Однако именно в конце шестидесятых — начале семидесятых Фазиль Искандер принимал участие в оппозиционной деятельности. Он подписывал письма протеста. Он общался с опальными литераторами и публицистами, с тем же Александром Галичем. С Галичем, который тоже жил «на „Аэропорте“», он пришел попрощаться прямо накануне его вынужденной эмиграции, 24 июня 1972 года. Много лет спустя на вечере памяти Галича в ДК завода имени Ильича Искандер вспоминал:

«Надо было видеть его в этот момент — он как бы полулежал, огромный, распростертый, красивый, но совершенно погасший. Он пытался бодриться, конечно, но чем больше бодрился, тем больше чувствовалось, что случилось нечто страшное, и я не хотел самому себе признаваться, что он уезжает умирать...»

И кстати: Фазиль будет среди немногочисленных участников первого, по сути полуподпольного вечера Александра Галича (еще не реабилитированного тогда), который состоялся в начале перестройки летом 1987 года.

Искандер подписал немало писем и в защиту диссидентов.

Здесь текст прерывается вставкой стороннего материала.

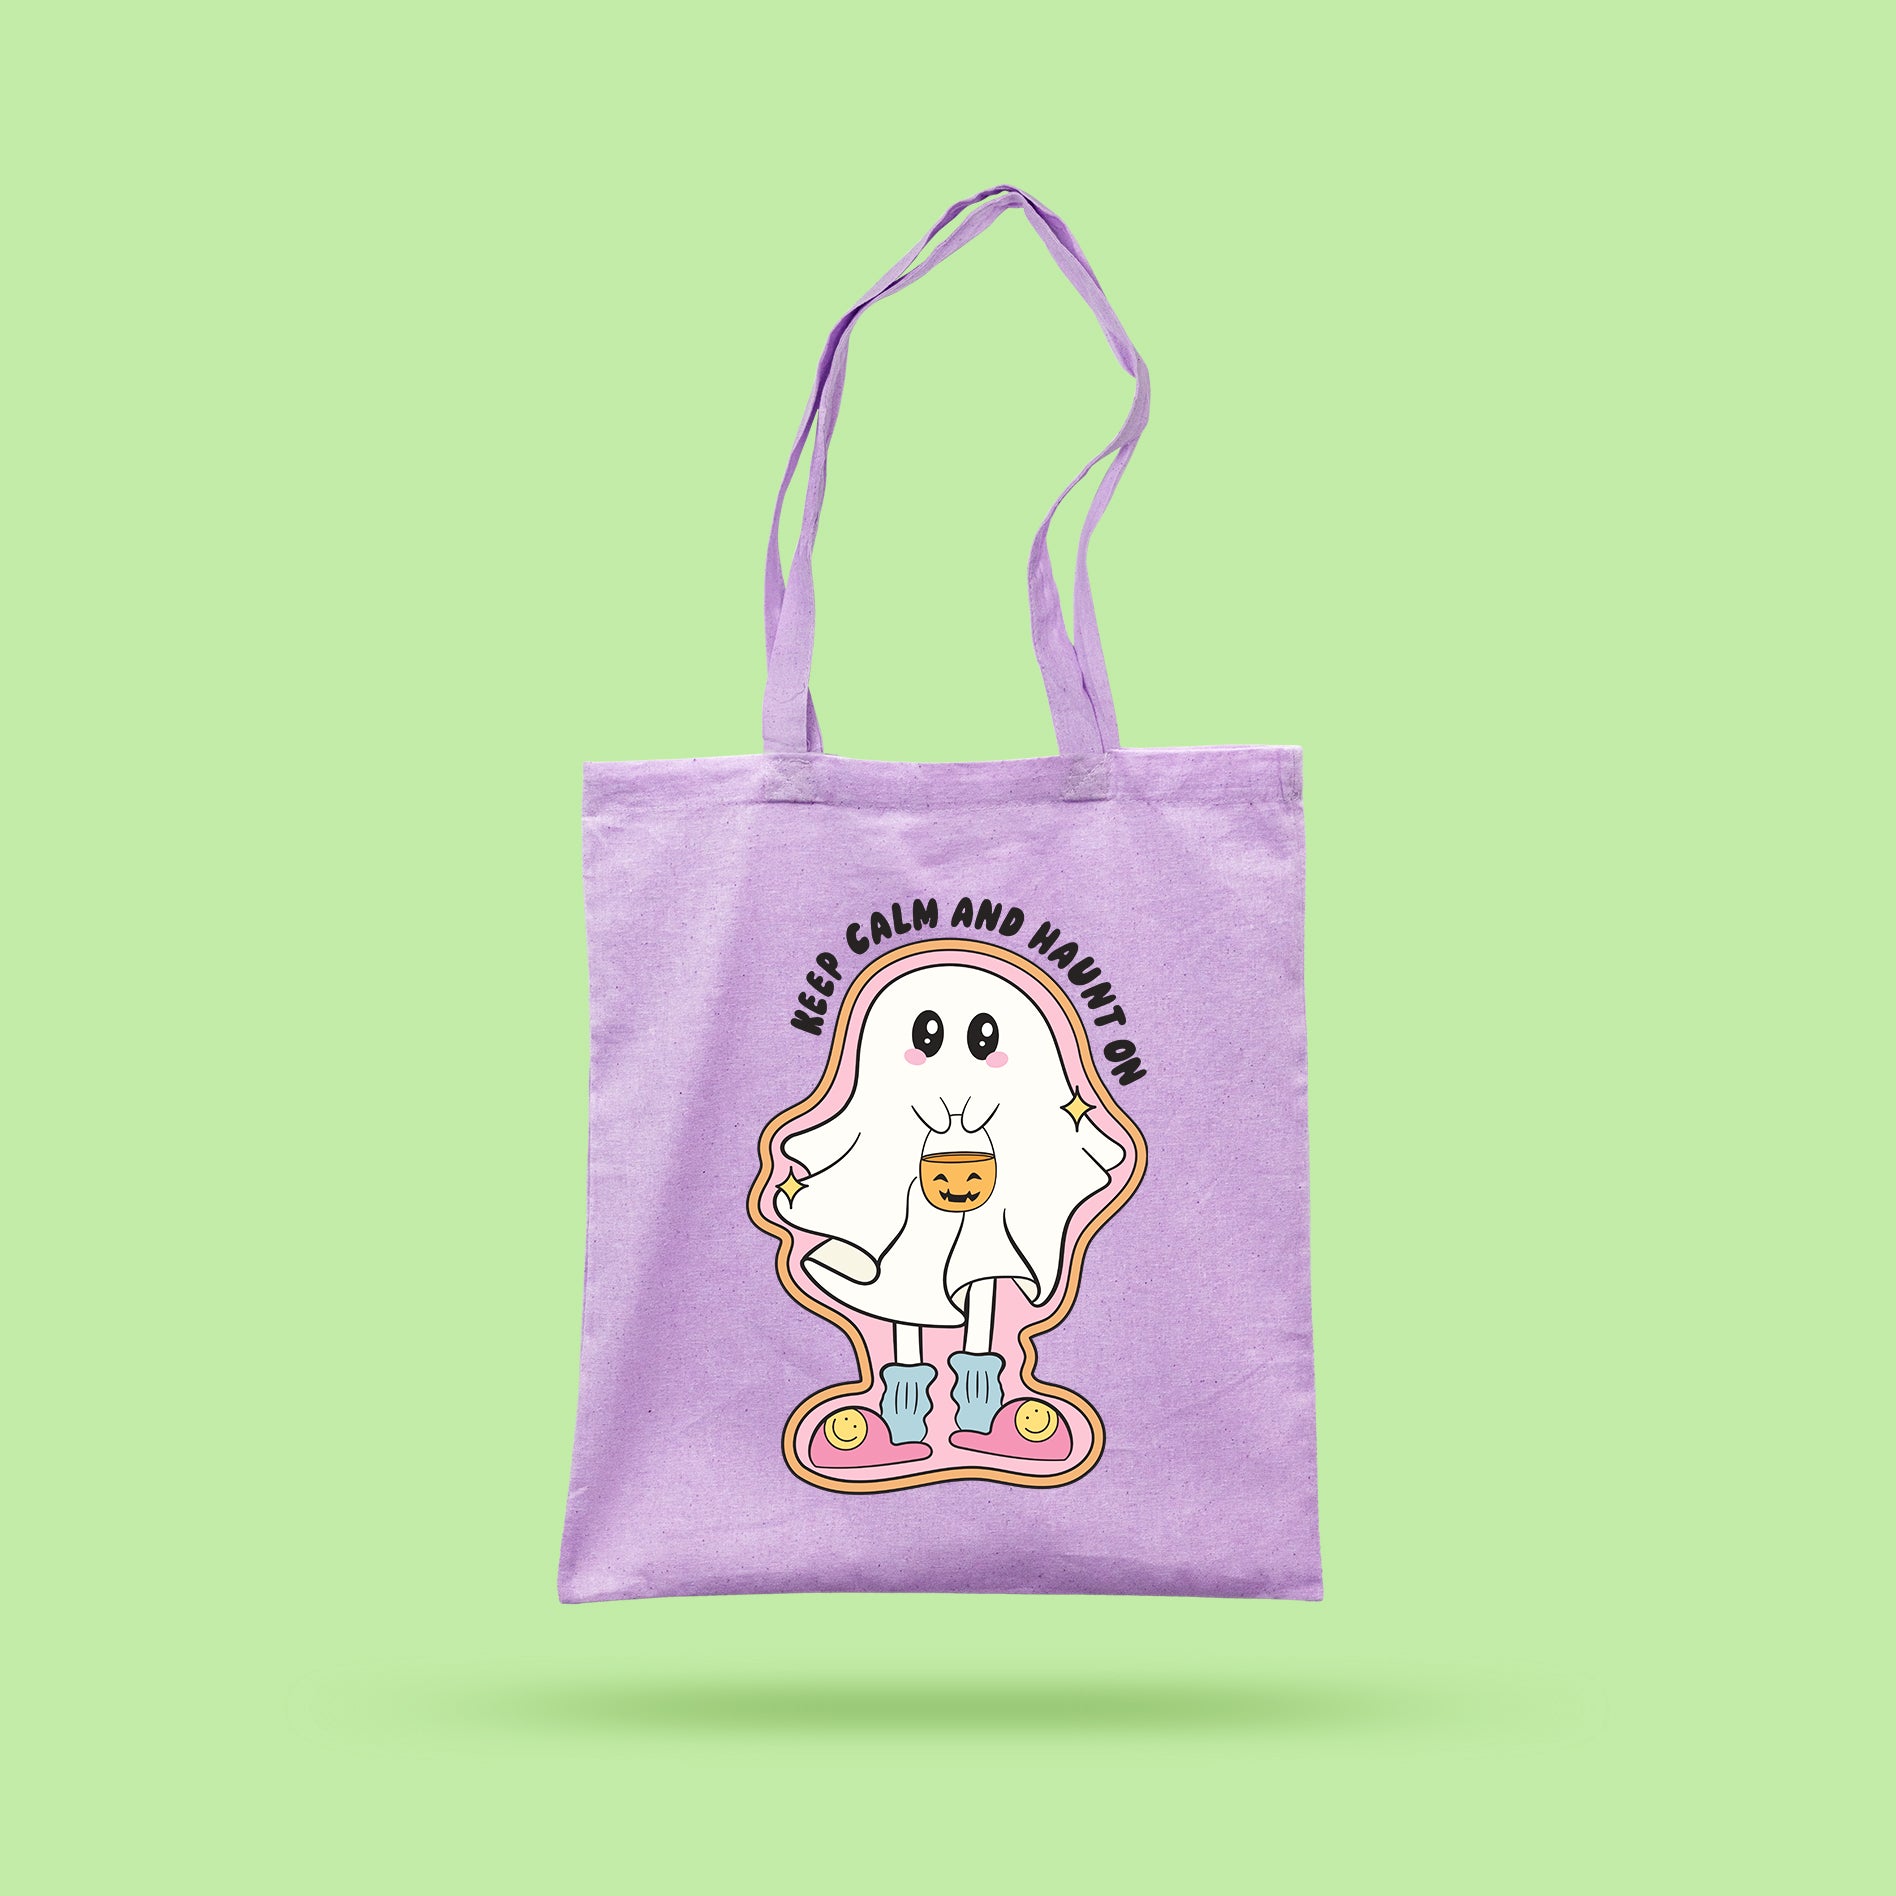 Keep Calm And Haunt On Tote Bag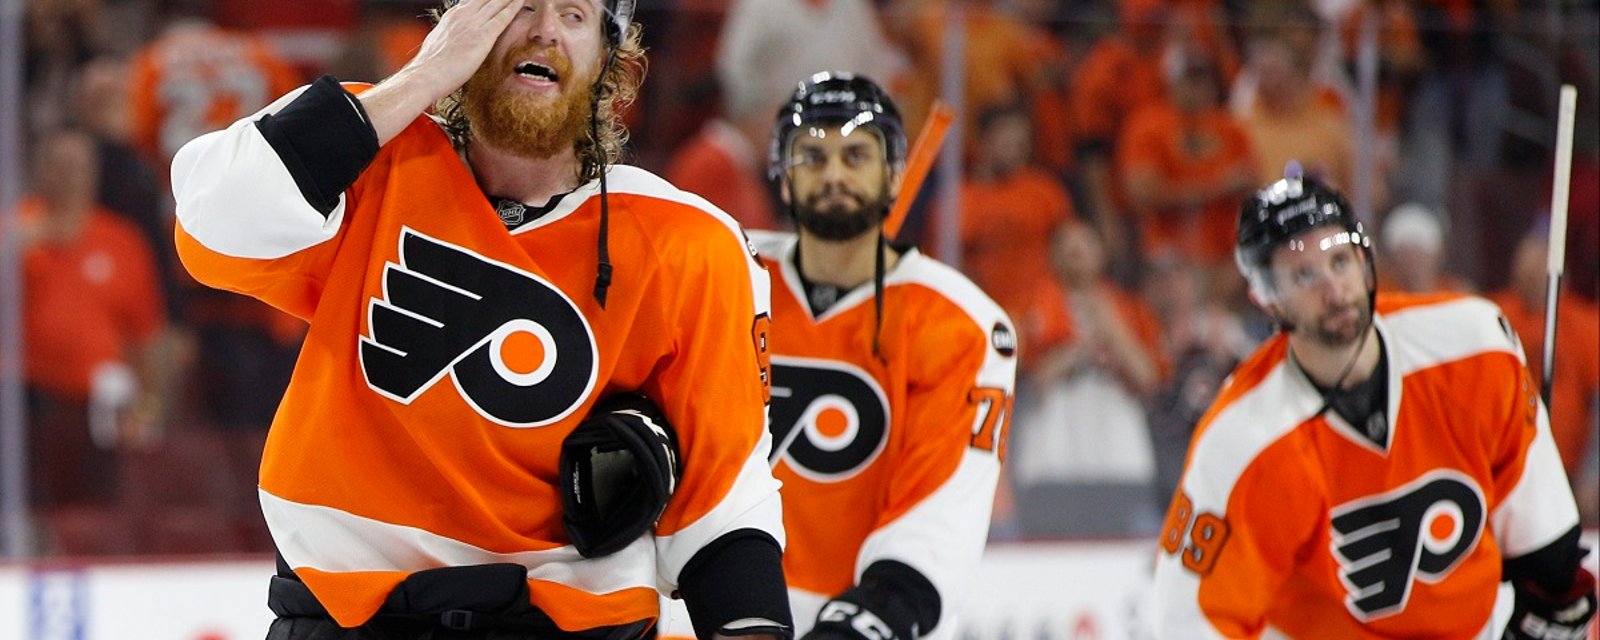 Flyers players and management whine about the cheering from their fans.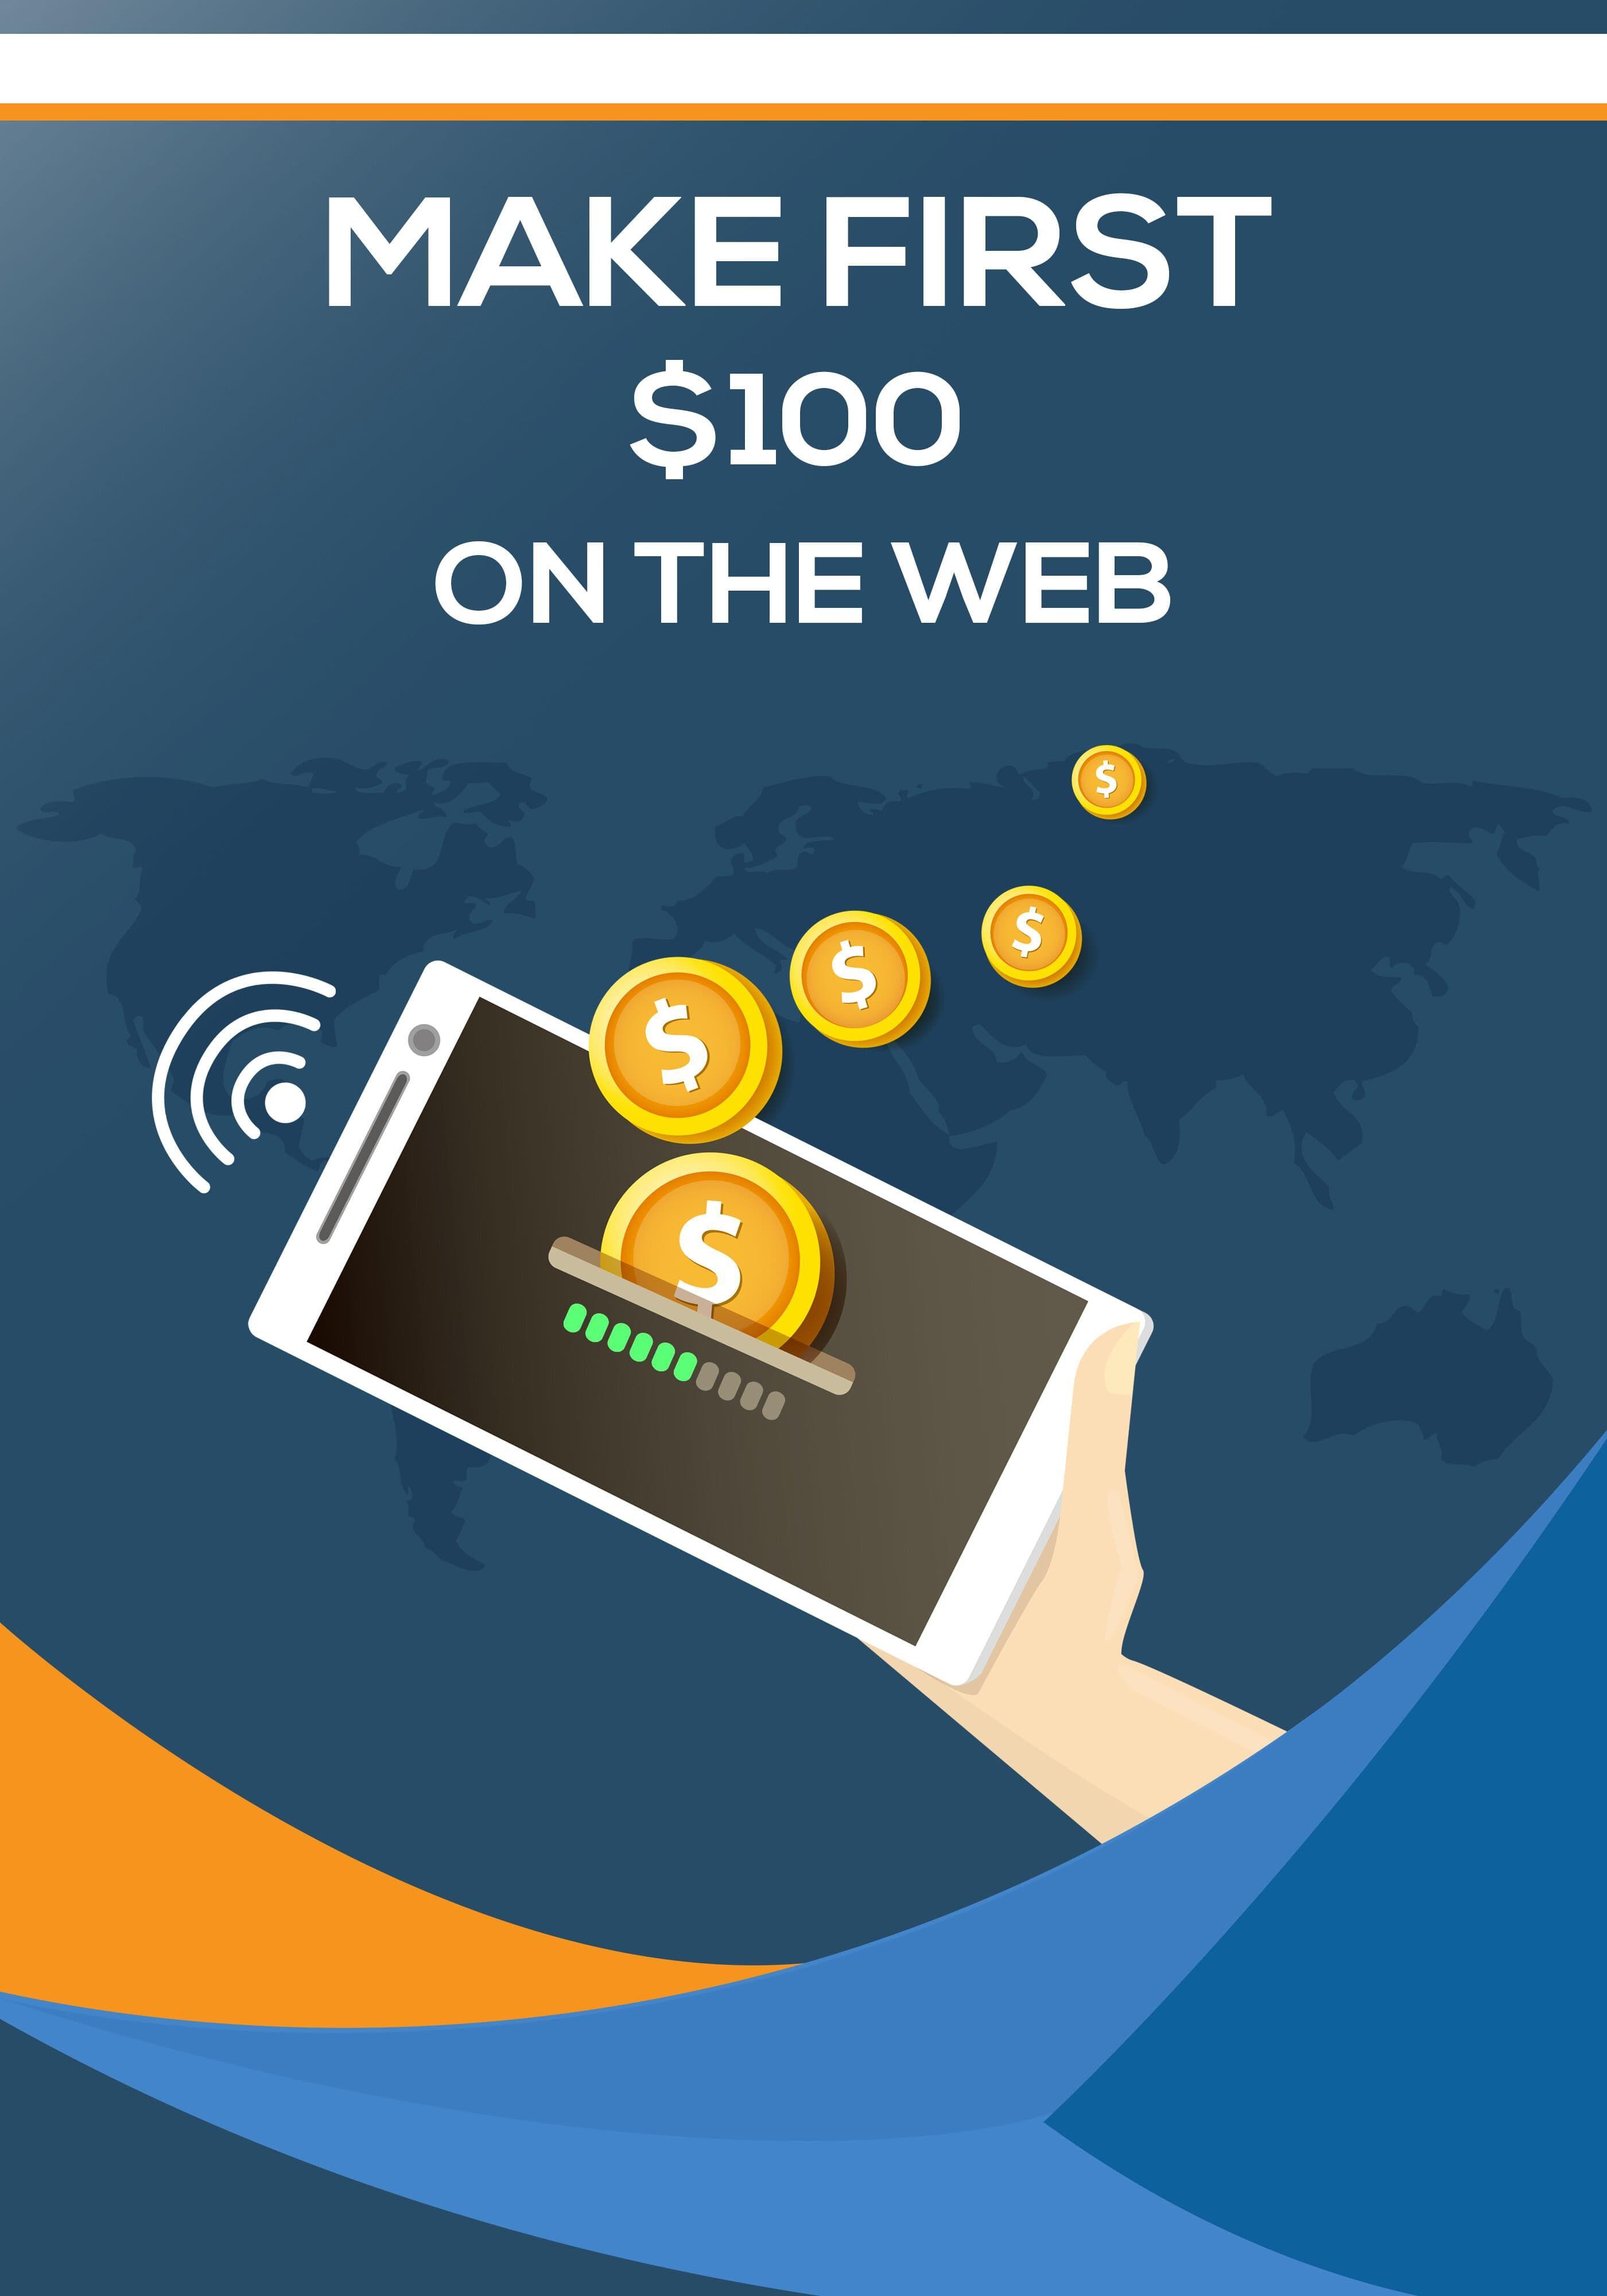 Make First $100 On The Web eBook's Book Image

Сразу же начались неприятности — пока незначительные. Алексей Кондратович вспоминает, как возмущен был его шеф Александр Твардовский тем, что Главлит автоматически вычеркивает из готовящихся к печати изданий произведения и фамилии «подписантов», в том числе и Искандера. Так скоро и публиковать некого будет, сердился Твардовский. Что-то — и рассказы Искандера тоже — все же удавалось отвоевывать: выходит, цензура по-прежнему не считала его опасным и непримиримым врагом советской власти.

Было в интеллигентских кругах (прежде всего столичных) такое «оттепельное» поветрие — писать и подписывать различные письма, адресованные руководству СССР, Генпрокуратуре и т. п. Эта волна длилась около трех лет и закончилась в основном в 1969 году. Подписывали многие вполне «легальные» деятели культуры. Возникла своего рода мода — тем более что «подписантам» всерьез пока ничего не грозило. По рукам ходило открытое письмо 25 виднейших деятелей науки и культуры, написанное Брежневу в феврале 1966 года, о попытках реабилитации Сталина. Среди подписавших — академики, знаменитые режиссеры, артисты, художники, писатели, старые большевики с дореволюционным стажем. Д. Д. Шостакович, П. Л. Капица, И. Е. Тамм, М. А. Леонтович, В. П. Катаев, К. Г. Паустовский, К. И. Чуковский; М. М. Плисецкая, О. Н. Ефремов, И. М. Смоктуновский... Какие имена! По оценке сегодняшних исследователей, доводы против ресталинизации были выдержаны в духе лояльности, но протест против возрождения сталинизма выражен энергично. Упомянем и письмо в ЦК КПСС 43 детей коммунистов, репрессированных в сталинские времена (сентябрь 1967 года).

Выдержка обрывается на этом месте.